Given records:
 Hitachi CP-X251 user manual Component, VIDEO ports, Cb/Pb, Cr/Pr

* * *

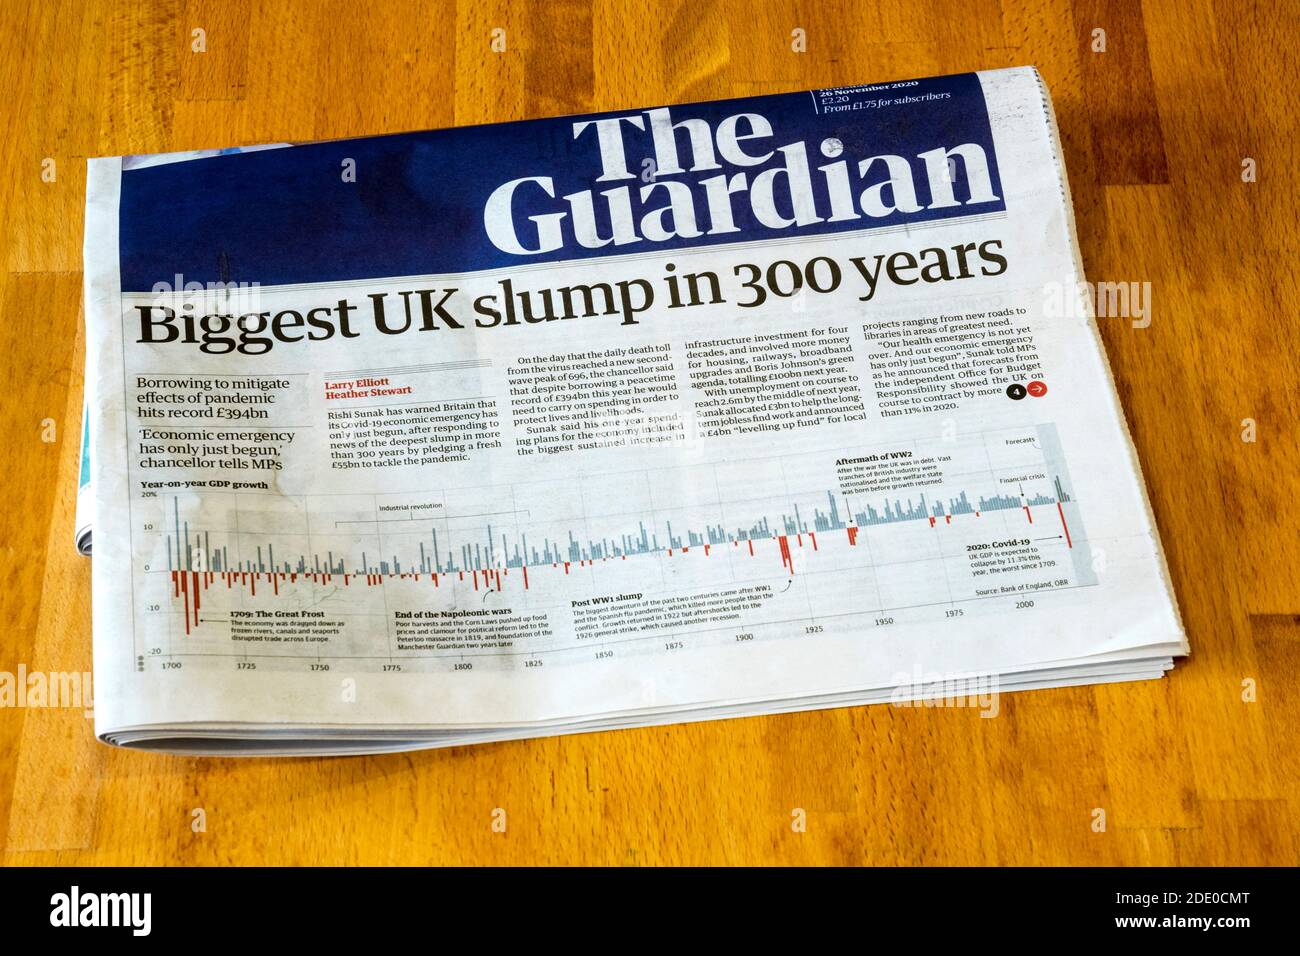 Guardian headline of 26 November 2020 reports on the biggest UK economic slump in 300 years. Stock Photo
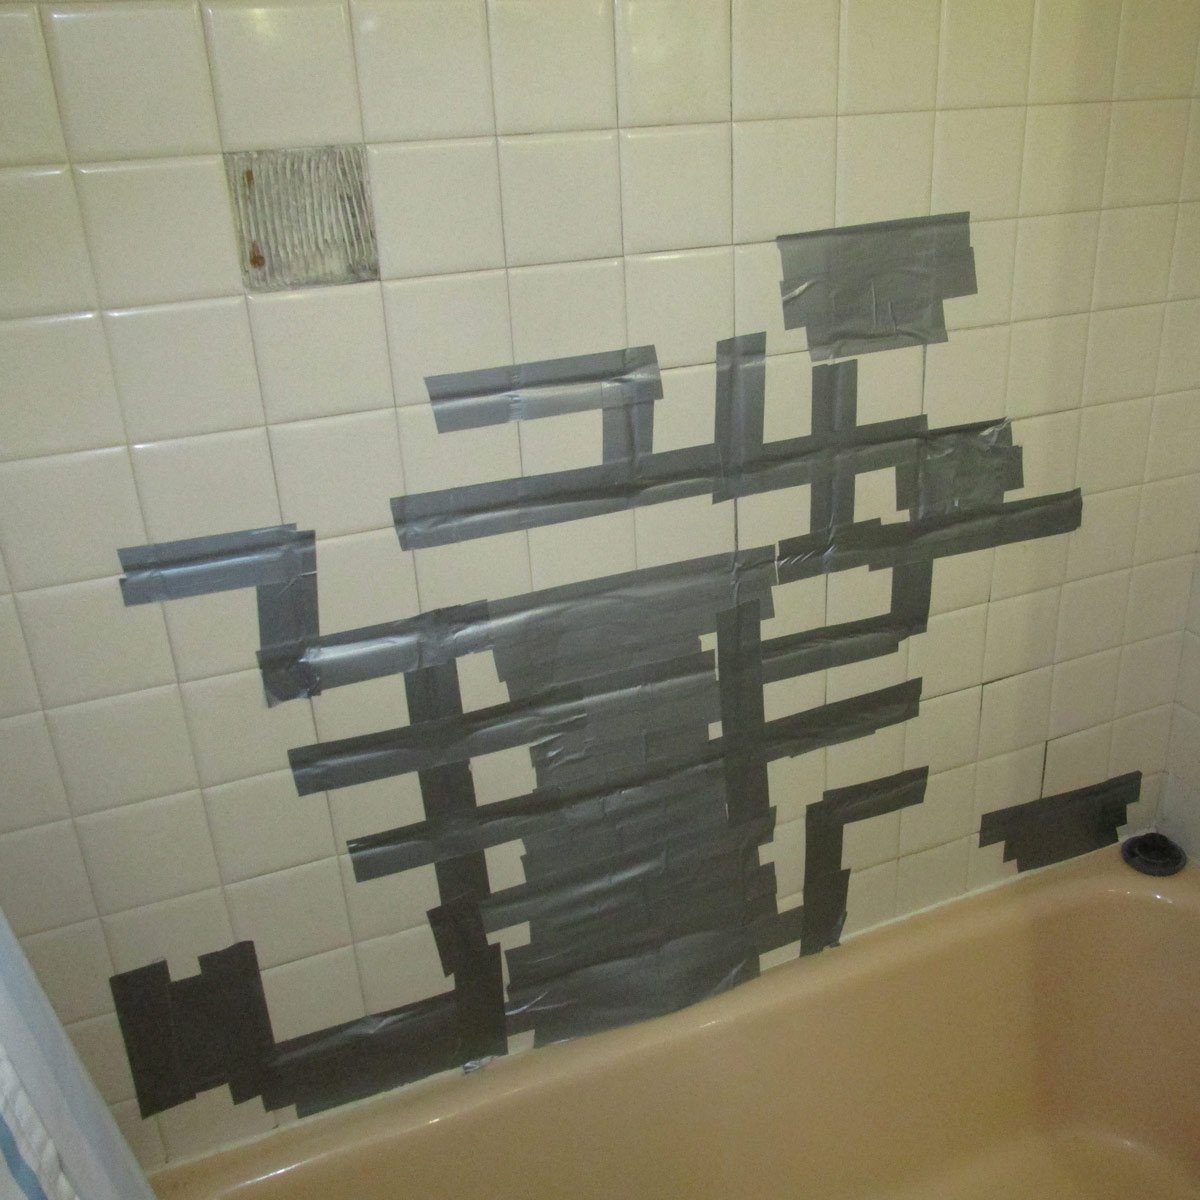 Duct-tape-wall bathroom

---

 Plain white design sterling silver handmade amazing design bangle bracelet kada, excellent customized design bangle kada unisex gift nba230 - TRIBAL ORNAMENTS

What you need to do:
Copy out exactly the lines above beginning with the line that contains "Guardian headline of" and finishing with the line that contains "Duct-tape-wall bathroom", including both; leave the pictures out.

Result of this exercise:
 Guardian headline of 26 November 2020 reports on the biggest UK economic slump in 300 years. Stock Photo
 Duct-tape-wall bathroom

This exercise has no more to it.